[Data to process — start]

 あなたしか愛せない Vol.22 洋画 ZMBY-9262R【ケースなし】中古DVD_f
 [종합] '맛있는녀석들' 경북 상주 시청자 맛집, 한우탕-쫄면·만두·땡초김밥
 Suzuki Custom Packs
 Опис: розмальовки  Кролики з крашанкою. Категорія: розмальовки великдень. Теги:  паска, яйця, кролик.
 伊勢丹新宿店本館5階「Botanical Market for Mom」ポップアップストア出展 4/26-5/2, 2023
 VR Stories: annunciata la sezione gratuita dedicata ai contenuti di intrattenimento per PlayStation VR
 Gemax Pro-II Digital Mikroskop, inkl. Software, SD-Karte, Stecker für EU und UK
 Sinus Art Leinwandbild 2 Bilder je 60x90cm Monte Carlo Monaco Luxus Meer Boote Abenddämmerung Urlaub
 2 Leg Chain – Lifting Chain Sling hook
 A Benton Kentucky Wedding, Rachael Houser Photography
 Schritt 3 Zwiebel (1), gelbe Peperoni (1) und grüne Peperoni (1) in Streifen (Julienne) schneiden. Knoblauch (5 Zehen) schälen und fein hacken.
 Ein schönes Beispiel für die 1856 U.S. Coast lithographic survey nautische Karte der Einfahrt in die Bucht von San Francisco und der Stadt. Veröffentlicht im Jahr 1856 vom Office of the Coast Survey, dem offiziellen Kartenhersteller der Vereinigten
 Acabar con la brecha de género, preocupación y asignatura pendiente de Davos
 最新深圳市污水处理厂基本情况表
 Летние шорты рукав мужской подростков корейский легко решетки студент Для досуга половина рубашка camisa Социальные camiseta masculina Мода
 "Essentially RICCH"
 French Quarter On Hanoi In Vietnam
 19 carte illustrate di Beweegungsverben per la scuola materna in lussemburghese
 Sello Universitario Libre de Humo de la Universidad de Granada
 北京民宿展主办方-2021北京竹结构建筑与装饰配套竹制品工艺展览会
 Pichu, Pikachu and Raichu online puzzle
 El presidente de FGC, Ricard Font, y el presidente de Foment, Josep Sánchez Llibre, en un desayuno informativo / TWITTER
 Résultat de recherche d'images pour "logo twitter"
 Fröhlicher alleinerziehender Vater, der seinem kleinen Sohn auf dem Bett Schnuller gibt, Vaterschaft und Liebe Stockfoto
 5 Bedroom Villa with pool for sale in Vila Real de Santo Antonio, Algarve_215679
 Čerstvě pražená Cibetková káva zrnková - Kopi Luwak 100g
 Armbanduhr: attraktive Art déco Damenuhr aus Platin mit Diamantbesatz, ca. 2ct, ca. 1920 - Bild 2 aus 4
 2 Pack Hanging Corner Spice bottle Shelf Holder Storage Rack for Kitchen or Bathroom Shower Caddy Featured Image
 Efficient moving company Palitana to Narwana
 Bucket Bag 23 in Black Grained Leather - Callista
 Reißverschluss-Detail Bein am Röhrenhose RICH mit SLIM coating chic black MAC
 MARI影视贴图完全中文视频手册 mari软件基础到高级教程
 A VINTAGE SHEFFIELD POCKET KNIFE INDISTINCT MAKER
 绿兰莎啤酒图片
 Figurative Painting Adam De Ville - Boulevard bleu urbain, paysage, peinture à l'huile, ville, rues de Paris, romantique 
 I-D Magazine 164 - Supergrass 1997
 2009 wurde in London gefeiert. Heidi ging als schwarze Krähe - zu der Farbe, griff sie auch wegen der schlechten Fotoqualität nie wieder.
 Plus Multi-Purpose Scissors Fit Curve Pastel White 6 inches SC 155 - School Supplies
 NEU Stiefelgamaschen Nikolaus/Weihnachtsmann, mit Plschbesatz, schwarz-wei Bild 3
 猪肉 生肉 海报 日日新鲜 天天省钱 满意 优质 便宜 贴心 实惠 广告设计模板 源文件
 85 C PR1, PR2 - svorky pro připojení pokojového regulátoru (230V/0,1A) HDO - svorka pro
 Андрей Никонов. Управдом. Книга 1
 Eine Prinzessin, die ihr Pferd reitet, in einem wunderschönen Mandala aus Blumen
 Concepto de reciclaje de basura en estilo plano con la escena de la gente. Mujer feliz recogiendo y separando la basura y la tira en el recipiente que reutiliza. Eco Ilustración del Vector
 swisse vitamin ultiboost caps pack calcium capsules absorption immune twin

[Data to process — finish]

→ Task to complete
Please, from the entries above, set down exactly the lines from the one containing "Suzuki Custom Packs" through the one containing "5 Bedroom Villa", and only those.

→ Exercise result
 Suzuki Custom Packs
 Опис: розмальовки  Кролики з крашанкою. Категорія: розмальовки великдень. Теги:  паска, яйця, кролик.
 伊勢丹新宿店本館5階「Botanical Market for Mom」ポップアップストア出展 4/26-5/2, 2023
 VR Stories: annunciata la sezione gratuita dedicata ai contenuti di intrattenimento per PlayStation VR
 Gemax Pro-II Digital Mikroskop, inkl. Software, SD-Karte, Stecker für EU und UK
 Sinus Art Leinwandbild 2 Bilder je 60x90cm Monte Carlo Monaco Luxus Meer Boote Abenddämmerung Urlaub
 2 Leg Chain – Lifting Chain Sling hook
 A Benton Kentucky Wedding, Rachael Houser Photography
 Schritt 3 Zwiebel (1), gelbe Peperoni (1) und grüne Peperoni (1) in Streifen (Julienne) schneiden. Knoblauch (5 Zehen) schälen und fein hacken.
 Ein schönes Beispiel für die 1856 U.S. Coast lithographic survey nautische Karte der Einfahrt in die Bucht von San Francisco und der Stadt. Veröffentlicht im Jahr 1856 vom Office of the Coast Survey, dem offiziellen Kartenhersteller der Vereinigten
 Acabar con la brecha de género, preocupación y asignatura pendiente de Davos
 最新深圳市污水处理厂基本情况表
 Летние шорты рукав мужской подростков корейский легко решетки студент Для досуга половина рубашка camisa Социальные camiseta masculina Мода
 "Essentially RICCH"
 French Quarter On Hanoi In Vietnam
 19 carte illustrate di Beweegungsverben per la scuola materna in lussemburghese
 Sello Universitario Libre de Humo de la Universidad de Granada
 北京民宿展主办方-2021北京竹结构建筑与装饰配套竹制品工艺展览会
 Pichu, Pikachu and Raichu online puzzle
 El presidente de FGC, Ricard Font, y el presidente de Foment, Josep Sánchez Llibre, en un desayuno informativo / TWITTER
 Résultat de recherche d'images pour "logo twitter"
 Fröhlicher alleinerziehender Vater, der seinem kleinen Sohn auf dem Bett Schnuller gibt, Vaterschaft und Liebe Stockfoto
 5 Bedroom Villa with pool for sale in Vila Real de Santo Antonio, Algarve_215679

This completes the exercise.